金 荒井さんが出てくる場面は、タイトルの「スープ」に象徴されるような日常を切り取っているところですね。彼が日本人であることが面白い。人間はご飯を食べるときは誰しも平穏な日常を過ごす存在であることを表現していると思う。日常も描いていながら、隠れた「イデオロギー」の部分も描く。そういうところを、私は非常に高く評価しています。
ヤン 彼がいることで、すごく家の雰囲気がよくなりました。私のドキュメンタリー映画の中で初めて、日本人が重要な存在として登場するんです。そこは、日本の観客のみなさんにも映画に入りこみやすいかもしれません。
娘も知らなかった母の過去
ヤン 実を言うと荒井がいなければ、この映画を撮ろうと思わなかったんです。私はこれまでオモニが四・三事件に関わっていたこと、済州島に婚約者がいたこと、密航船で逃げてきたことも知らなかった。

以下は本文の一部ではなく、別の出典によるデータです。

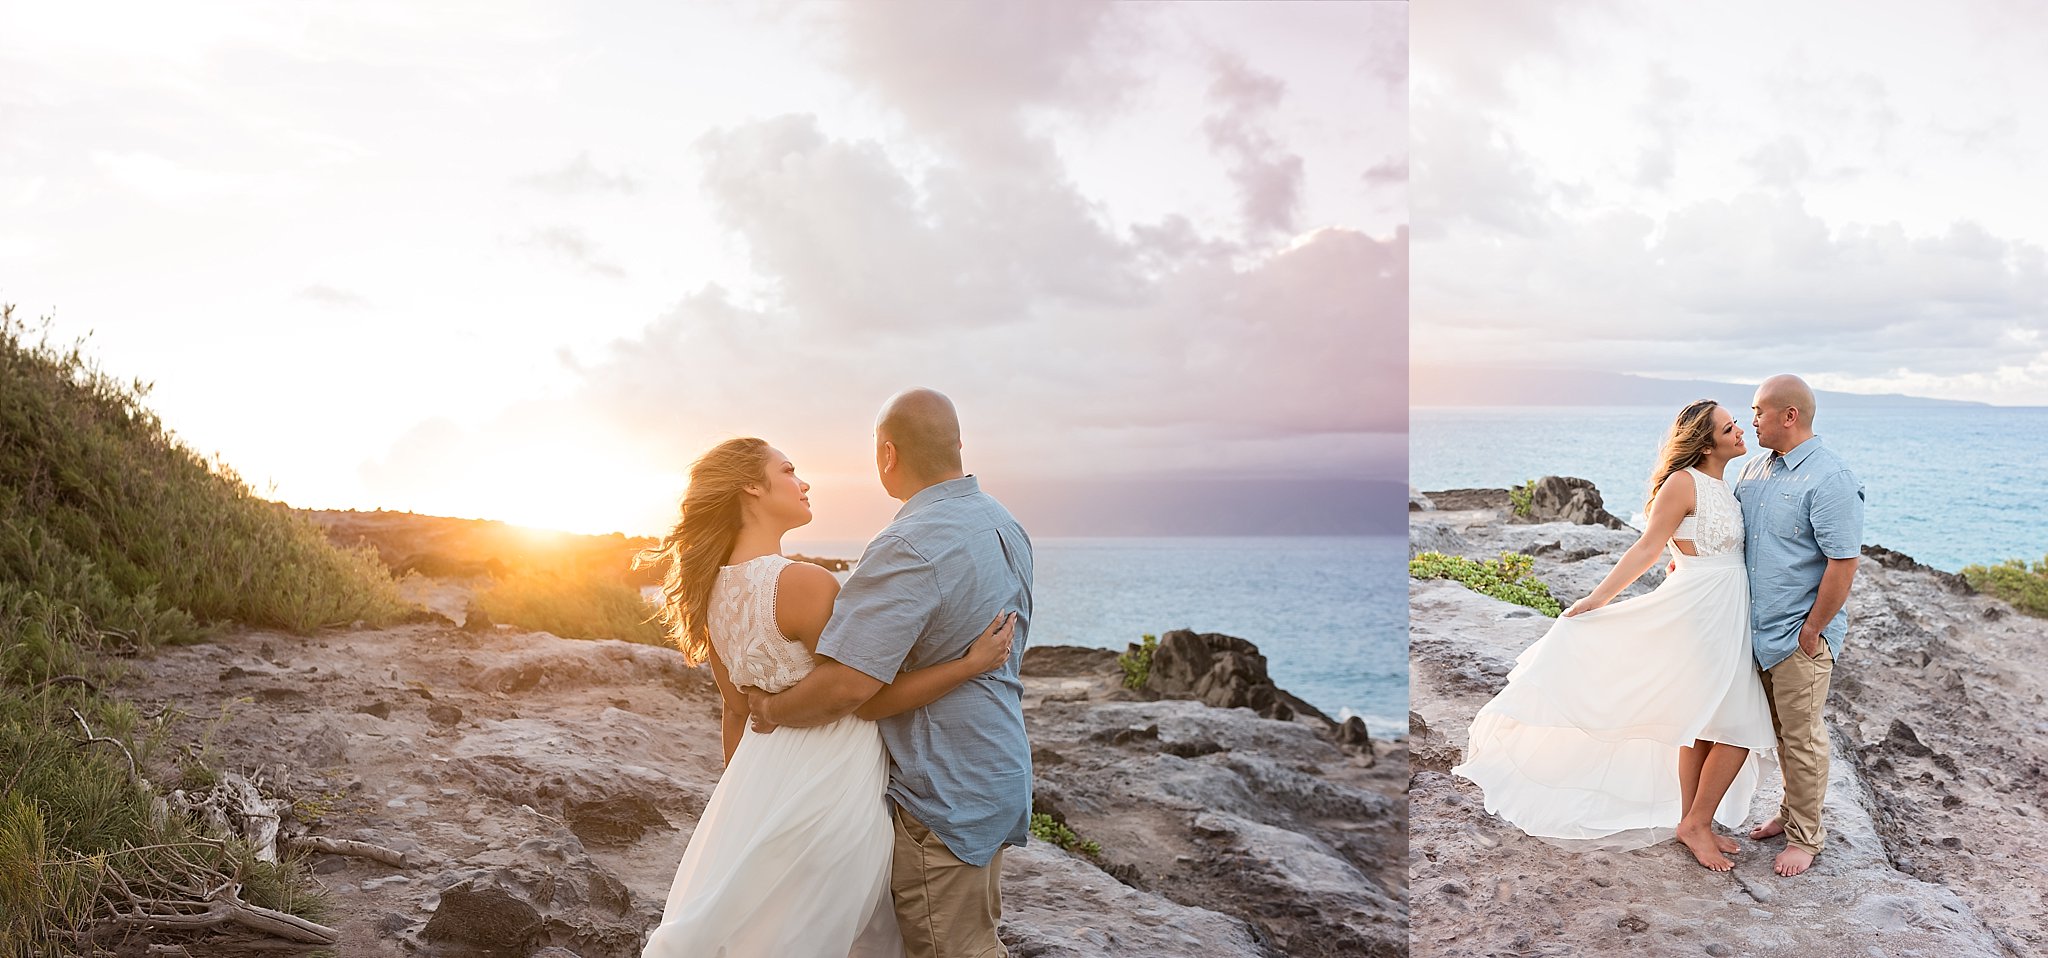 Maui Engagement Photographer, Maui Anniversary Portraits, Maui Photographer, Maui Photographers, Best Maui Photographer, Maui Family Photographer
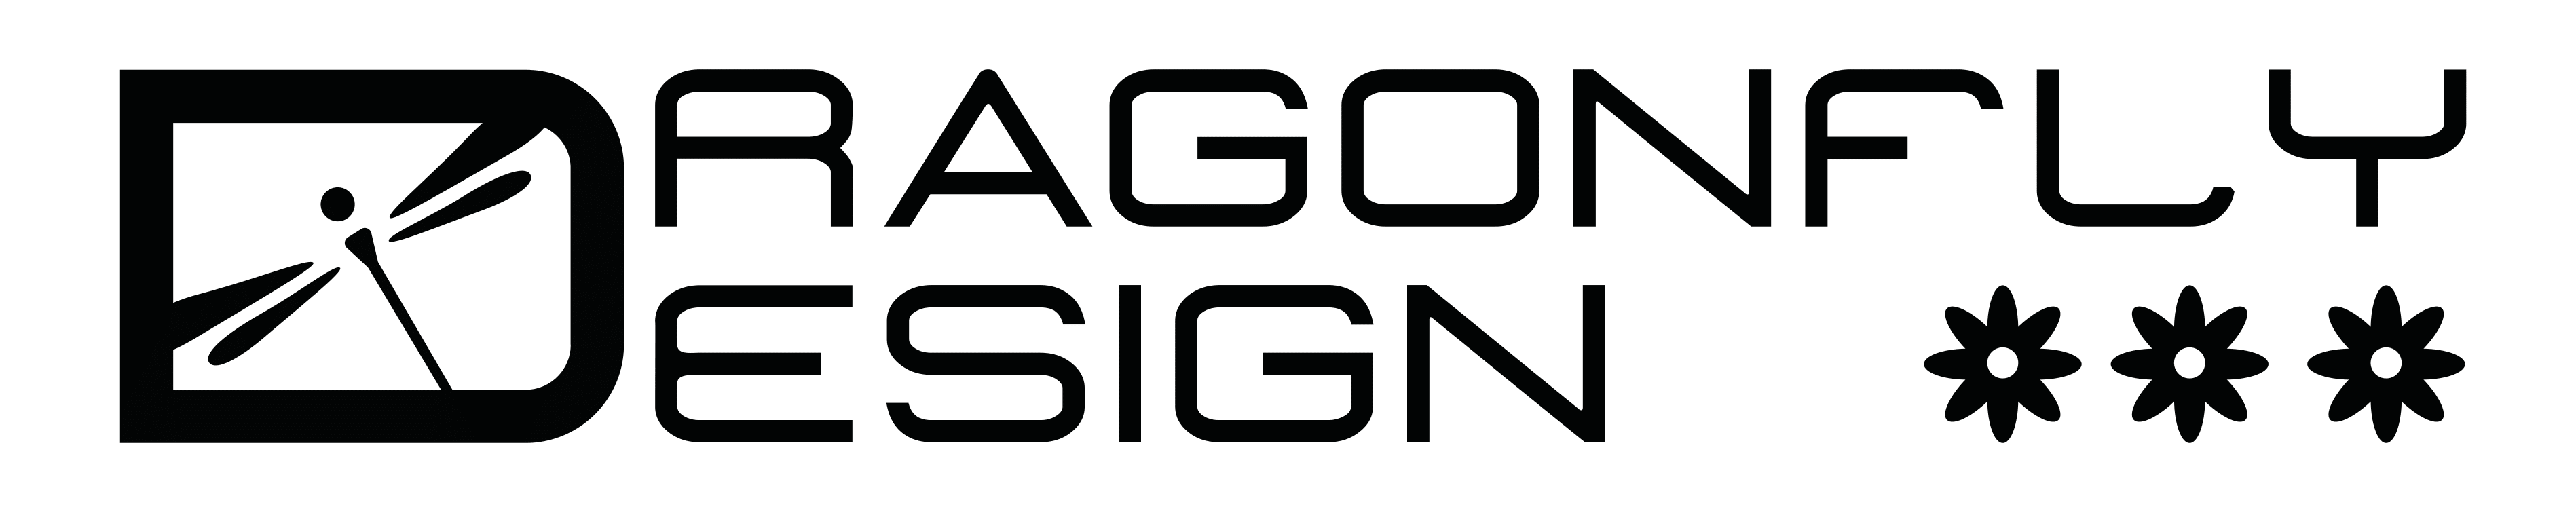 Dragonfly-Design

私は済州島で生まれたアボジと、日本で生まれたオモニとの間の子だと思っていたんです。オモニが四・三の体験者であったことをぽつぽつと語り始めたのは10年前ですね。最初から饒舌に語り始めたわけではなかった。少しずつ四・三について話しているところをビデオカメラで撮影しはじめたけど、映画にしようとは思わなかったです。
〝いまになって母が四・三の話をし始めました〟というテーマでは、作品としては1時間半にもなれへんなと(笑)。むしろオモニの証言を基に、短編映画にして記録として残るものにしようかなという程度でした。そう考えていたときに、荒井と知り合った。
荒井はライターで、人にインタビューをして書くのが仕事なので聞き上手なんです。私が聞いても「もういい聞かんとき!」とかなるんだけど、荒井がオモニに質問をすると、すごく丁寧に話す。オモニはこの何も知らないであろう新しく現れた日本人に、「私の経験を全部教えてあげよう」という感じで具体的に語り始めたんです。日本人である荒井が金日成の肖像画を飾っているような家に通って、オモニに話を聞いている感じが面白くて(笑)。これは一本の映画が撮れそう、というところから始まりました。
――四・三事件のことをテーマにして映画を作りたいということもなかったんですか?
ヤン そうですね。テーマを決めて撮るという意識はなかったです。オモニが四・三のことを話し始めてびっくりしたという感じです。そこから、資料を集めて勉強したところもあります。オモニは、荒井に本当にたくさんの話をしているんです。これは映画に入れることができなかったんですけど、オモニには、日本兵として戦争に行った兄がいたんです。オモニはウエハルモニ(母方の祖母)と一緒に、自分のお兄さんを「天皇陛下万歳!」と言って見送りに大阪から東京まで行ったそうなんです。それで当時、10代のお兄さんが、冬なのに、南方の島に行くからといって半袖の軍服しか着せてもらえない姿を見て、オモニはすごいつらかったと。
金 お兄さん帰ってきたの?
ヤン いえ、戦死の知らせもないままです。オモニは10代の頃にお兄さんと離ればなれになった。私も北朝鮮に帰国させられた兄がいるわけで、同じ境遇なんです。オモニみたいに生きたくないと思っていたけど、実は私たち親子はとても似ているのかなと最近思うようになりましたね。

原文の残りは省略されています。